Of course commissioners range in style as much as they do in race, gender, age and other distinguishing characteristics; however every one I've ever dealt with, has followed appropriate procedures and been as effective as they could given the circumstances. This statement holds true for conciliations, arbitrations or mutual interest mediations.

Is this a function of my expectations? Well, I do hold the view that simply having to be at the CCMA is an indication of management failure.

What! You cannot be serious! How can you make that statement?

Well, let's examine why we end up at the CCMA.

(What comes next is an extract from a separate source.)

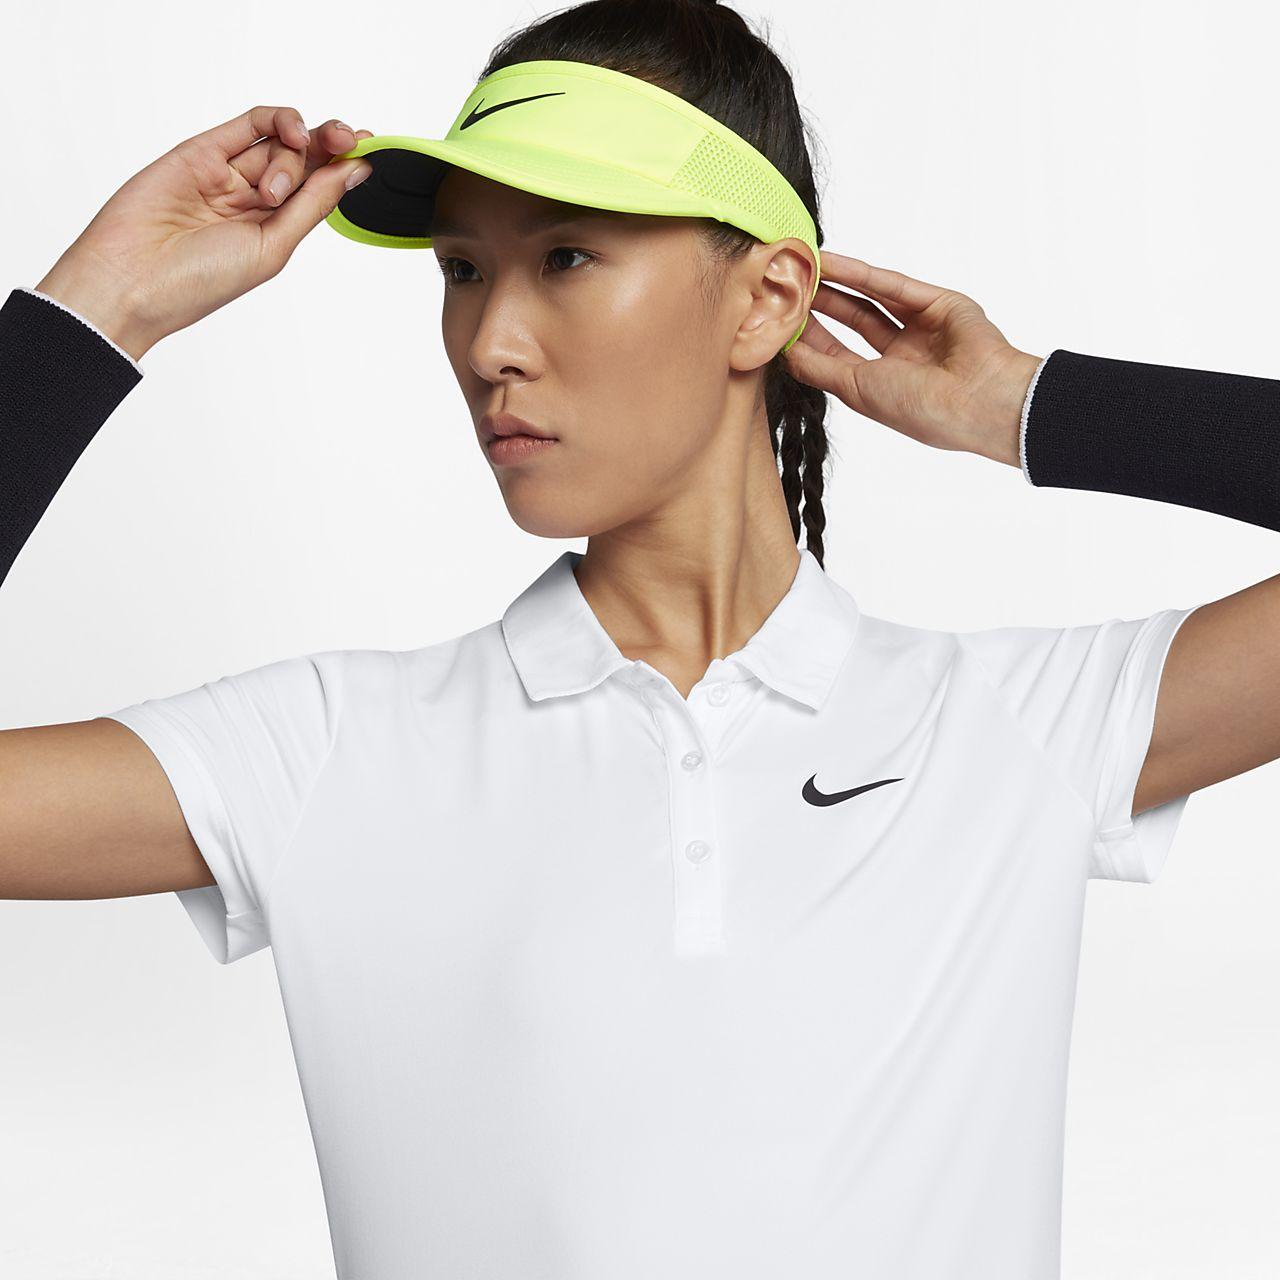 NikeCourt Pure - tennispolo til kvinder
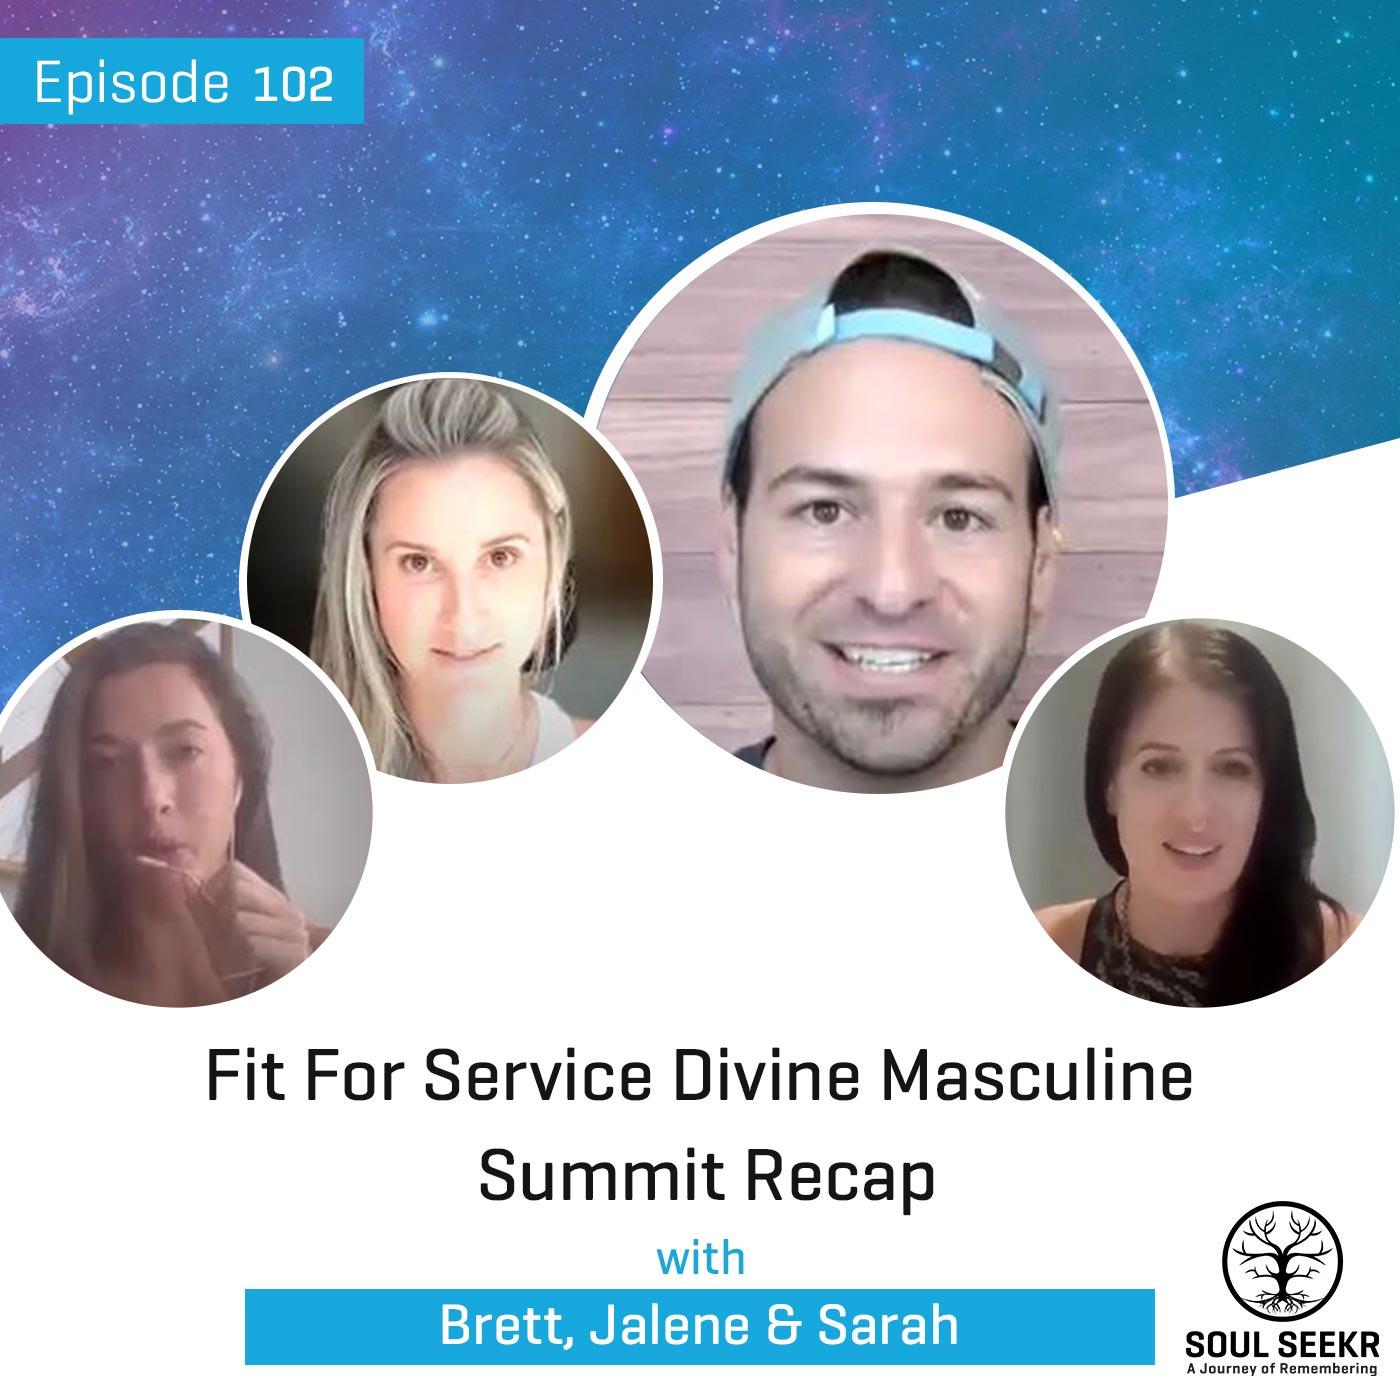 #102: Fit For Service Divine Masculine Summit Recap w/ Brett, Jalene & Sarah

My argument is as follows:
The employer selects employees, the employer offers the contract of employment, the employer sets out the rules and the requirements of the position. The employer has the legal responsibility to give guidance, instruction, counselling and training, as appropriate.

If all this is done appropriately for every employee, and the employee receives appropriate and timeous performance management, we should not have Incapacity: poor performance terminations leading to CCMA applications.

If an employee has the opportunity to misappropriate items, products or money, is this not a failure of management, the internal control processes, security systems, and risk management generally?

If there are social problems, such as alcohol and drug abuse, is this not a failure of management in the recruitment process, or later in long-standing employees, in observing the signs and introducing appropriate supportive measures?

If there is a need to retrench for economic, structural or technological reasons, is this not a failure to manage the business and the balance of recruitment and natural attrition, or alternatively if this is not possible - the expectations of employees via the detailed consultative processes legislated?

Are matters of mutual interest which lead to disputes, lock-outs, strikes not a failure of management to understand the needs of their employees, the desperate circumstances in which their employees live, particularly to explain why it is necessary for CEOs to earn 300 times what their shop-floor worker does?

Is everything the failure of labour law - or is the problem the failure of management?

Happy with the CCMA

----------